:: Activity ::
After removing every image, reproduce the data exactly as it appears.

:: Data block ::
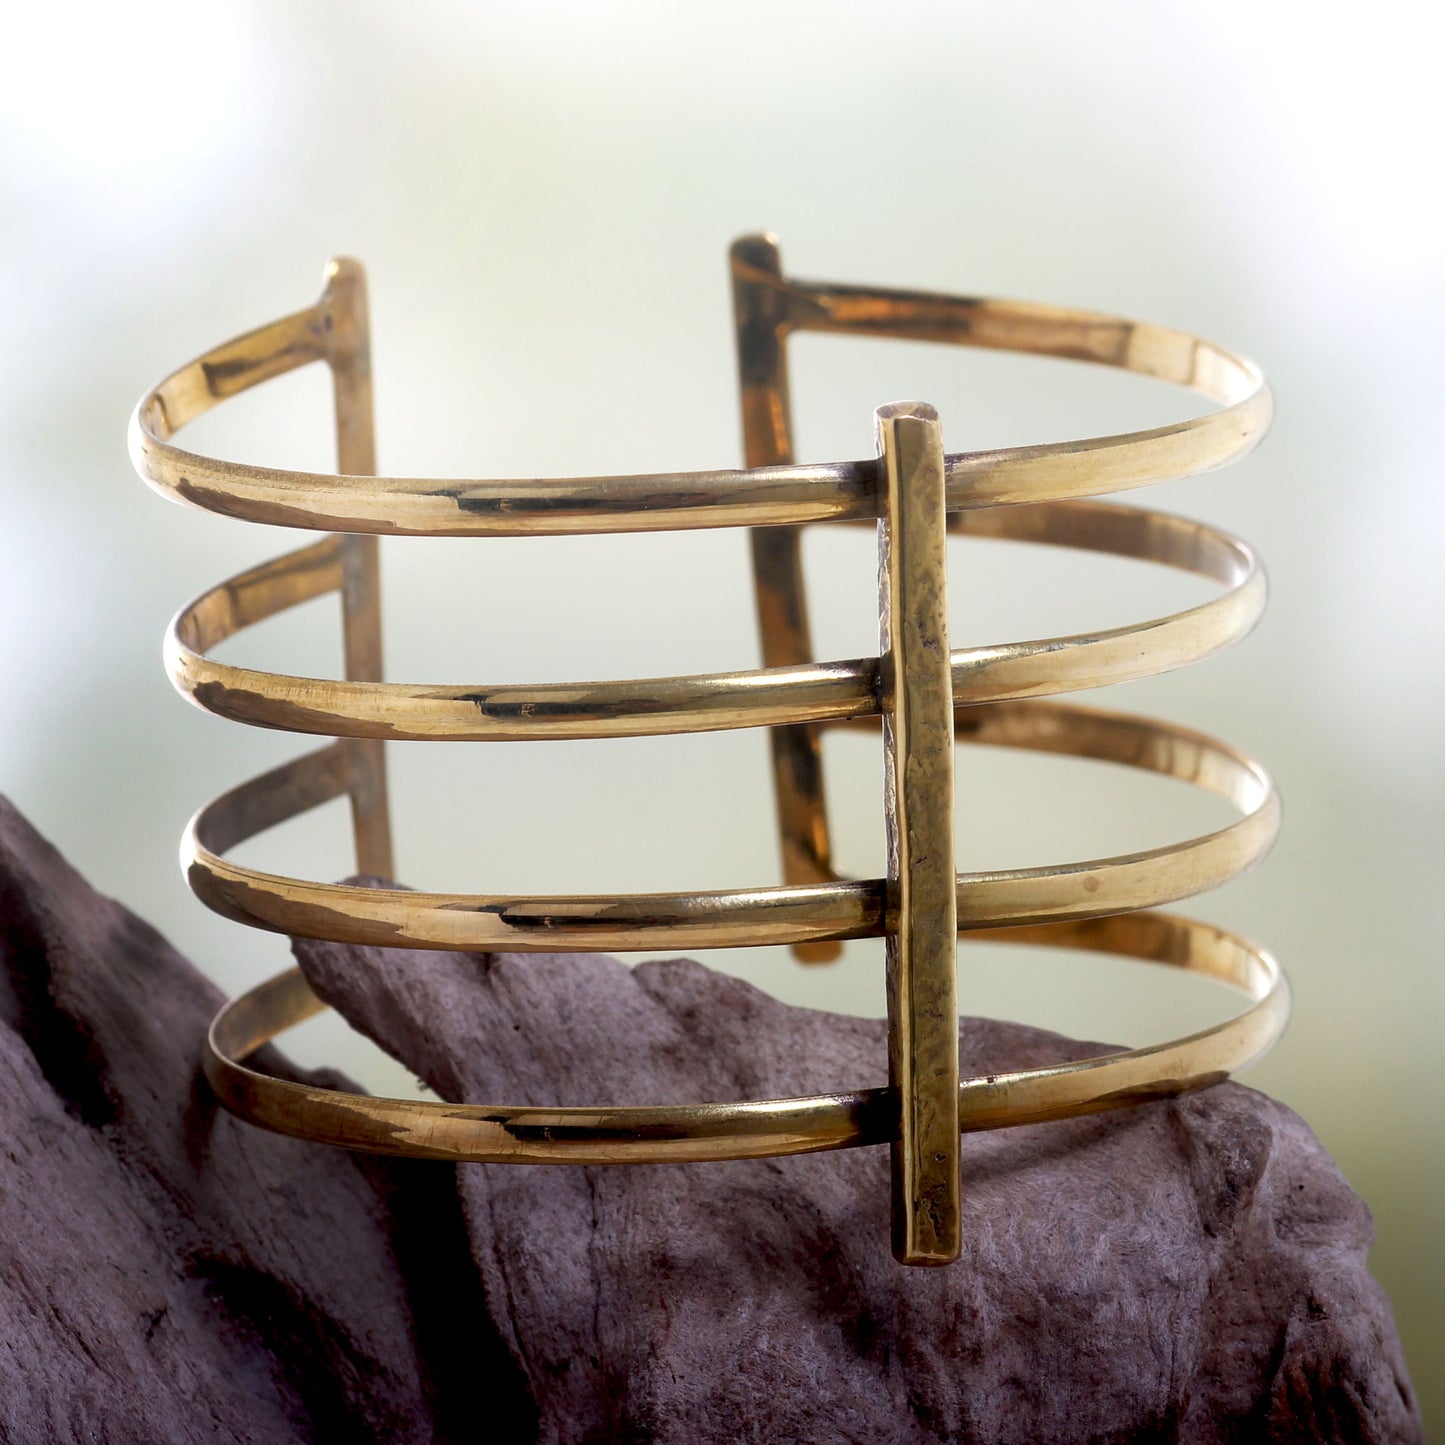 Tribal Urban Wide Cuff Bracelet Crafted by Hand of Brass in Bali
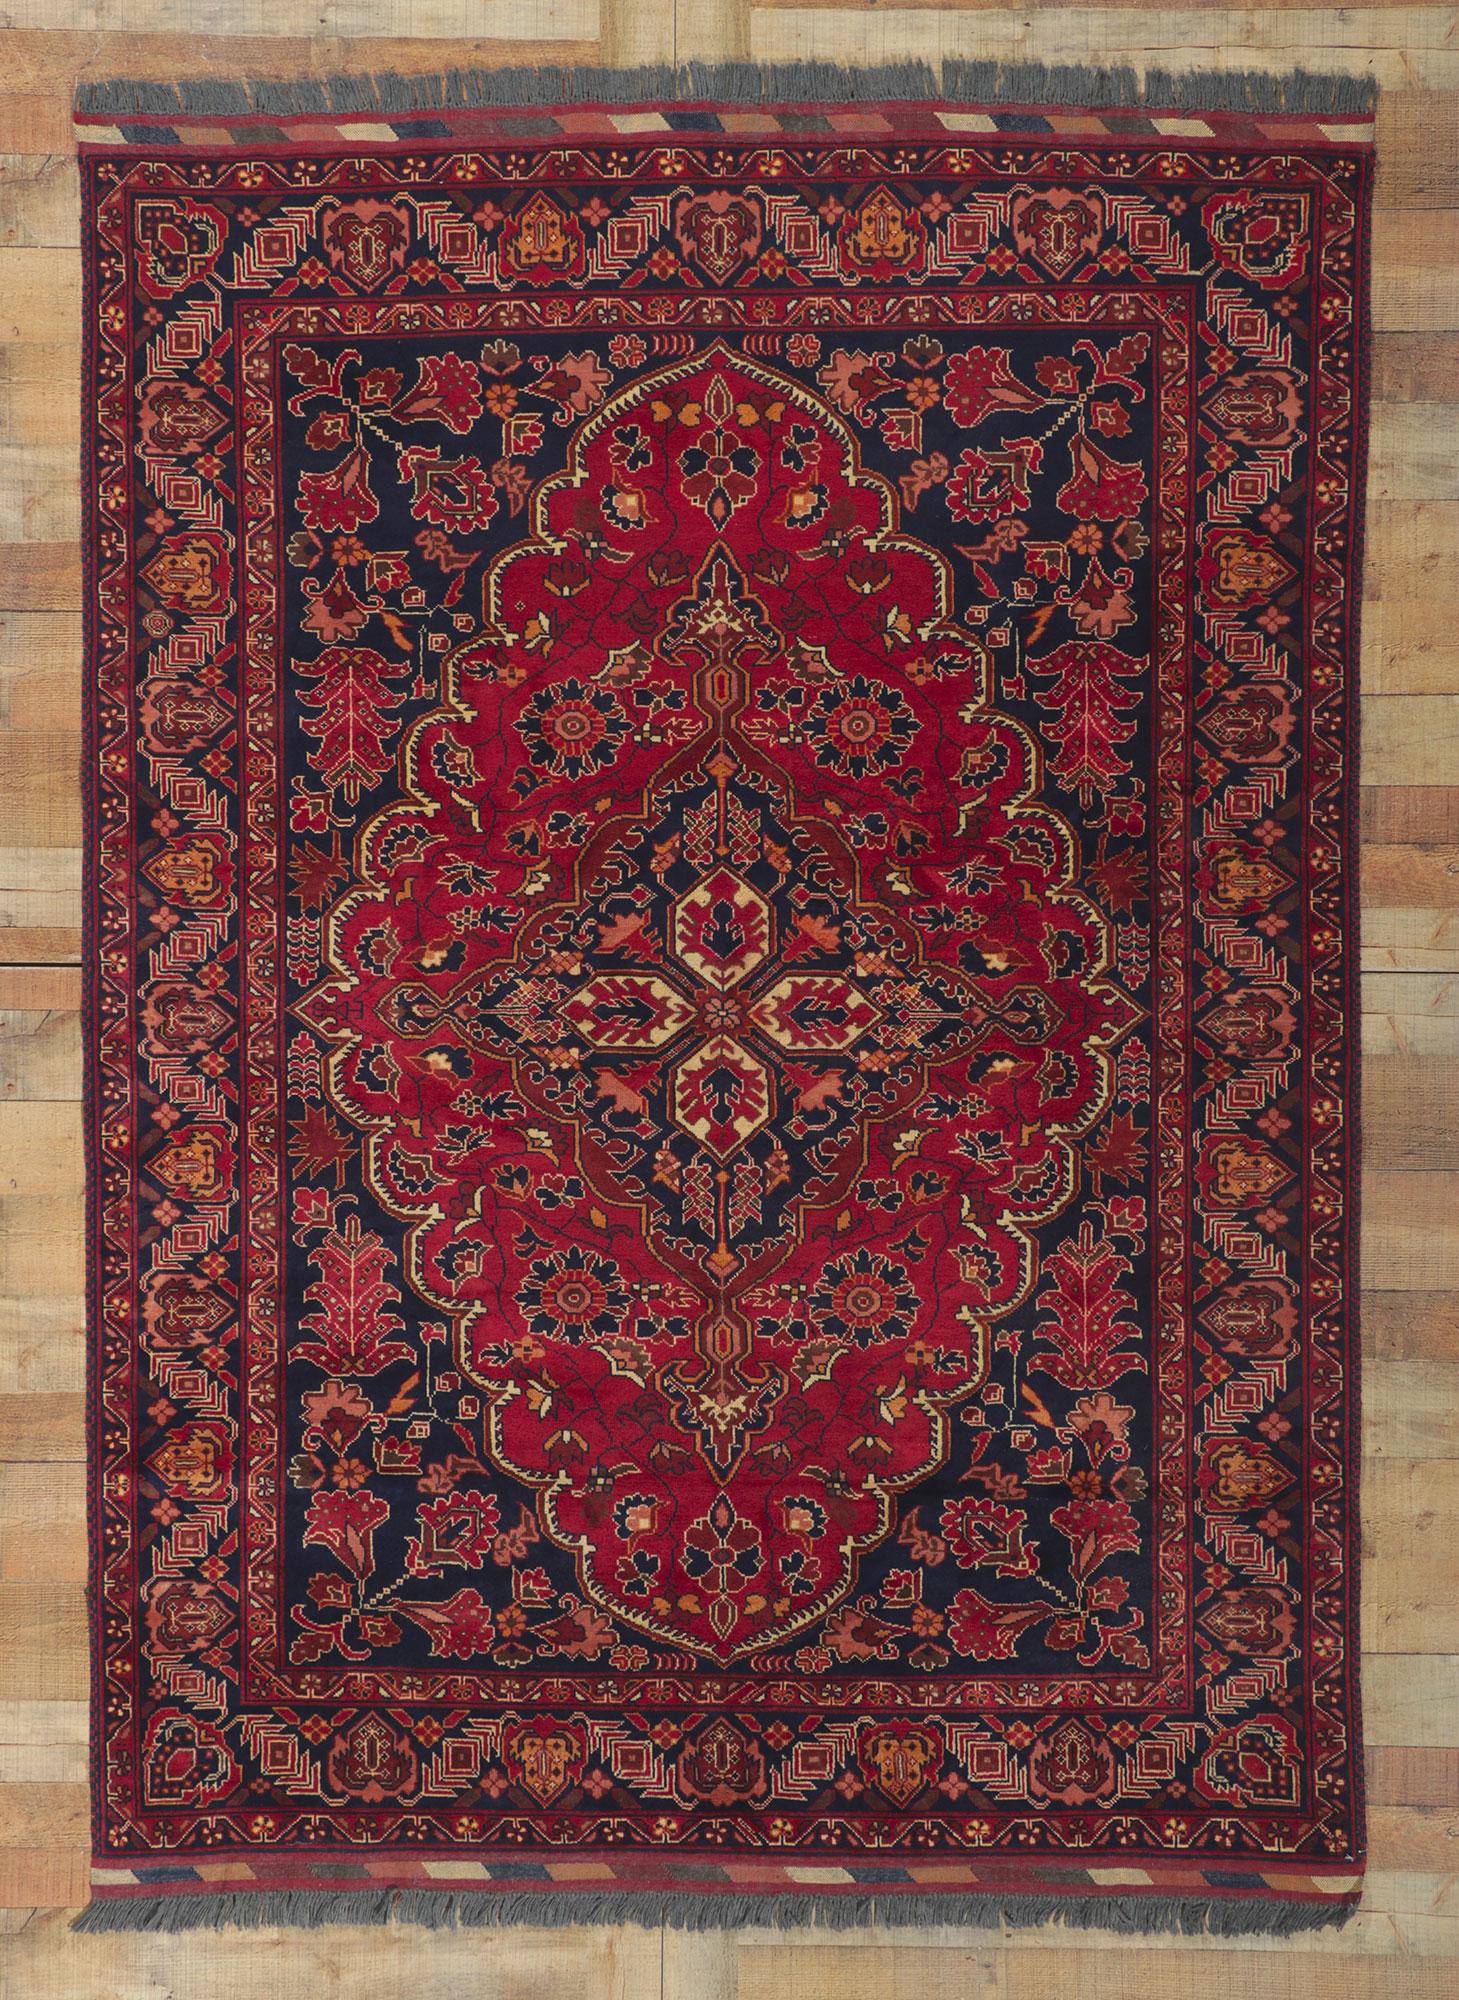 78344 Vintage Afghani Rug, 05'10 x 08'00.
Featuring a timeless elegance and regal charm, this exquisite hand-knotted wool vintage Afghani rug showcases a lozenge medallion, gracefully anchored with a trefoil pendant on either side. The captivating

:: Result ::
 Tribal Urban Wide Cuff Bracelet Crafted by Hand of Brass in Bali
 78344 Vintage Afghani Rug, 05'10 x 08'00.
Featuring a timeless elegance and regal charm, this exquisite hand-knotted wool vintage Afghani rug showcases a lozenge medallion, gracefully anchored with a trefoil pendant on either side. The captivating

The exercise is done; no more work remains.